Re: Metal Machine Music.

From The Illustrated Encyclopedia of Rock, Compiled by Nick Logan and Bob Woffinden of New Musical Express, 3rd Ed. 1979, Salamander Books.

"Albums were returned in droves until RCA, duly embarrassed by their gullibility and culpability in the affair, were forced to take it off the market. Reed later claimed that he made the album to break his contract with his manager."

(Note that his next Coney Island Baby was also on RCA.)

And from Billy Altman, founder of the first magazine called Punk in 1973, in The Rolling Stone Records Guide 1979.

"In retrospect, one might easily have given the album four stars for sheer nerve and guts, for its deafening blip-and-bleep is a statement, a bitter rail against record companies, fan's notions of image and the entire workings of the music industry. (On the other hand, Metal Machine Music might be nothing more than a rather perverse and elaborate joke, replete with a cover that implies a concert recording and liner notes written in deadpan electronic mumbo jumbo.) Everything considered, it's probably a combination of the two - hence the dilemma."

Guest

Re: Van Morrison and Bang Records from same sources as above:

NME - "Bert Berns had written Hang on Sloopy for the McCoys and Twist and Shout for the Isley Brothers, as well as Here Comes the Night, and had formed his own label, Bang Records. Being well aware of Morrison's potential, he invited him to New York to cut four trial singles. One of the tracks that Morrison cut was Brown Eyed Girl which became a U.S. Top 5 hit when it was released in May 1967. Bang then put out an album, Blowin' Your Mind, about which Morrison knew nothing. It was merely a collection of the songs Morrison had cut, as he thought, as singles materials. Berns pacified Morrison's anger by allowing him to make an album himself, the result of which was The Best of Van Morrison, though yet again he did not really have the opportunity to exercise the artistic control he had been promised; he now suggests that the album is more accurately titled 'The Worst of Van Morrison'. Bern died suddenly of a heart attack on Dec. 1 1967, and Morrison was once again a free agent."

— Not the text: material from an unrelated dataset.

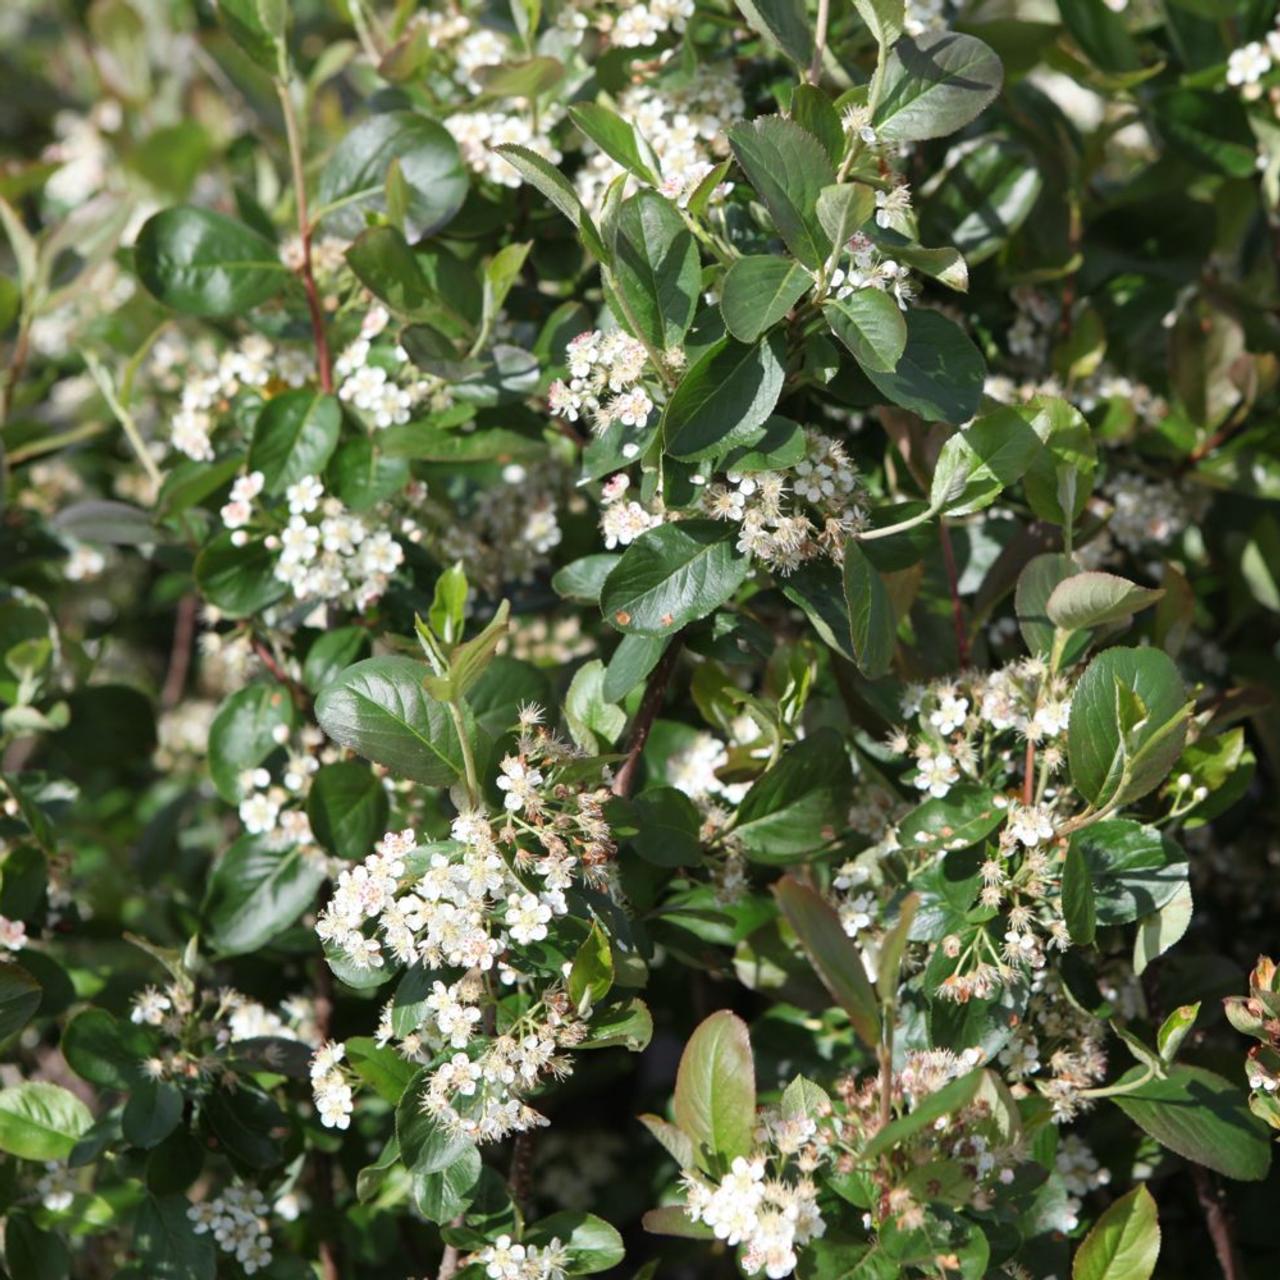 Aronia x prunifolia 'Viking' plant

RS - "Following the death of Morrison's producer, Bert Berns, the owner of Bang but best known as a soul writer/producer, Van moved to Warner Bros."

From the liner notes to the 1991 release of the Bang Masters, quoting Van Morrison from record exec Joe Smith's book On The Record: "I actually recorded some of the songs that eventually wound up on Astral Weeks for Bert. I did one album for Bert, and then for a second he said, 'You know, we have to get you back into the studio.' So I played him a tape, me on guitar, and he said, 'Great, this is what we should do.' Just like that. He said, 'We'll fill it out a little here, put that there.' Well, I showed up for the session and forty people are there. We struggled through that one but the songs just didn't work out. Astral Weeks became what it was because everything was stripped away."

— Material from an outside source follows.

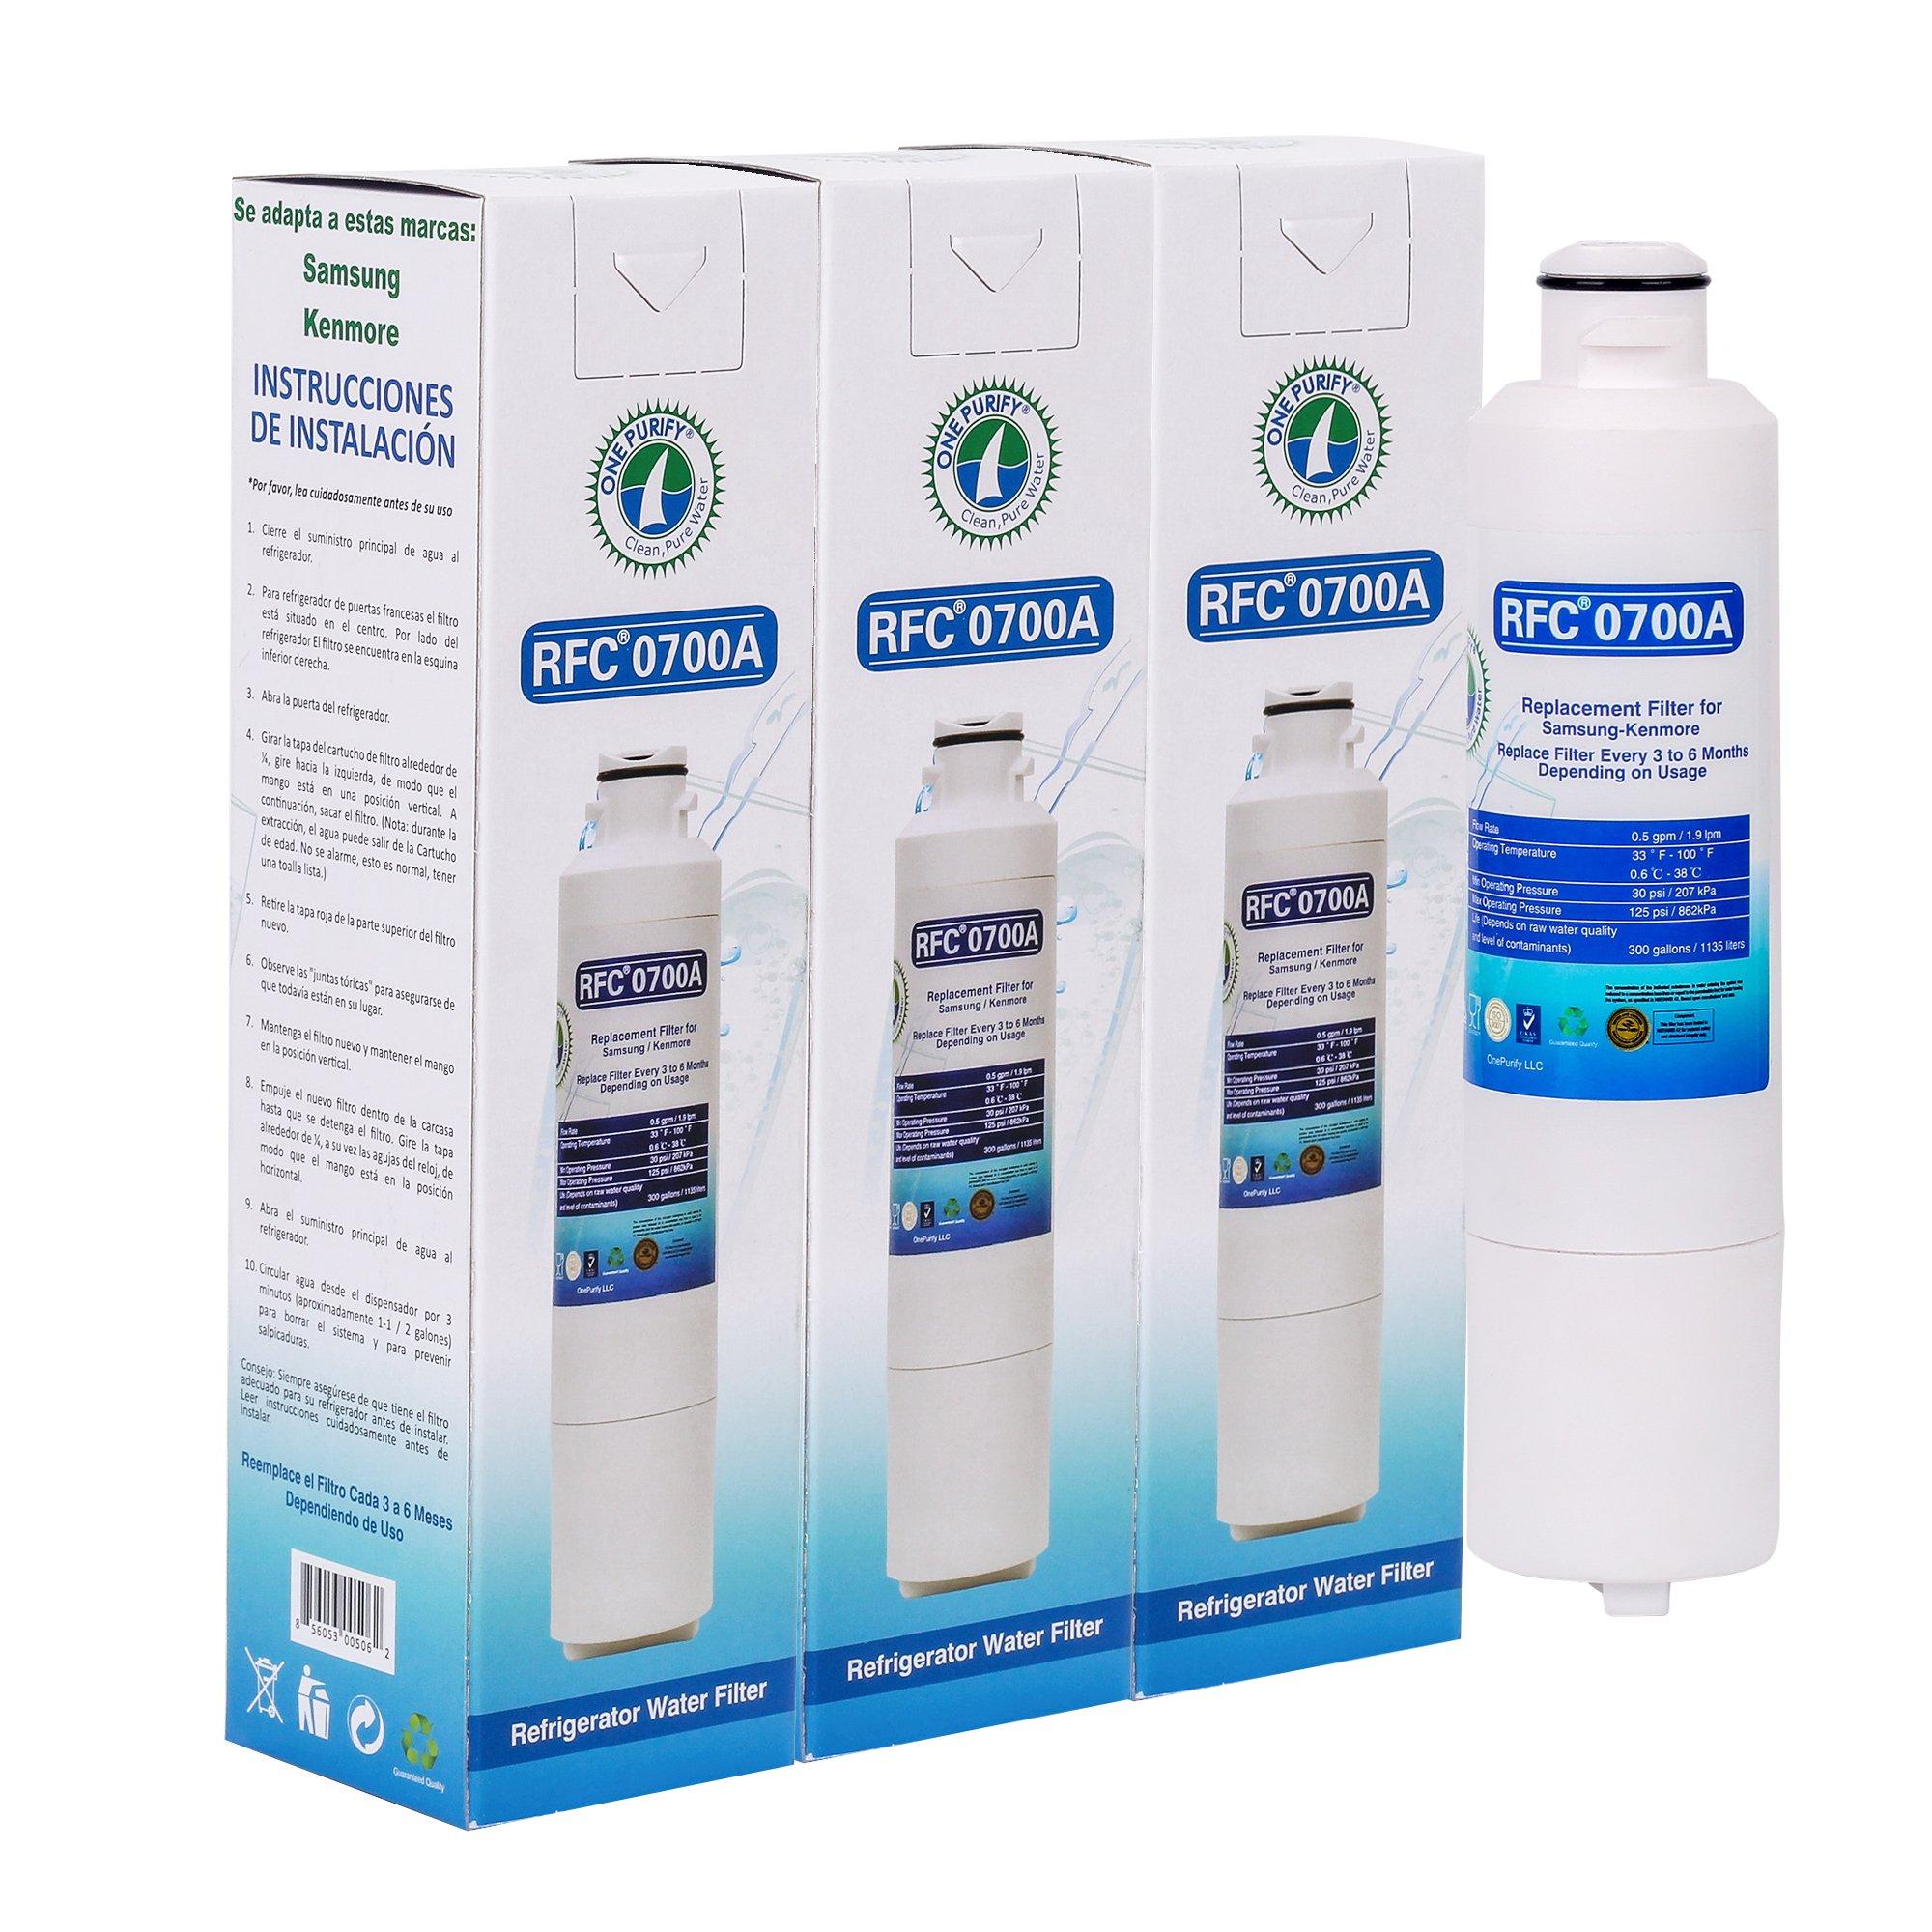 Compatible Replacement for Samsung DA29-00020B, DA29-00020A, DA2900019A, HAF-CIN/EXP, HAF-CIN-EXP, Kenmore 46-9101 Refrigerator Water Filter Cartridge by OnePurify RFC0700A 3PK

(Two songs from Astral Weeks appear on the Bang Masters, Beside You and Madame George. There's no mention of the contractual obligation recordings mentioned in blog subject)

Guest

Whoever posted about Cocksucker Blues using my anonymous but unique "Guest" and non-functional email address "[email protected]", please differentiate yourself from my postings. And no offense, I realize I should come up with something of my own - I'm just lazy.

Michael Fremer

"Bang Sessions" was issued as a sumptuously packaged, triple LP set by Get Back. Sounds great! Even the "contractual obligation" crap sounds good...not that I've listened to it more than once.....listening to MP3s is to listening to music as having sex wearing a half dozen condoms is to having sex....

Patrick O'Hare

A lot of what he sings here seems pretty random. But at just before the climax of "Cypress Avenue" on "It's too late to stop now" you'll hear Morrison passionately chanting "and you say France".

God know what it means - but it sounds great on that Live album.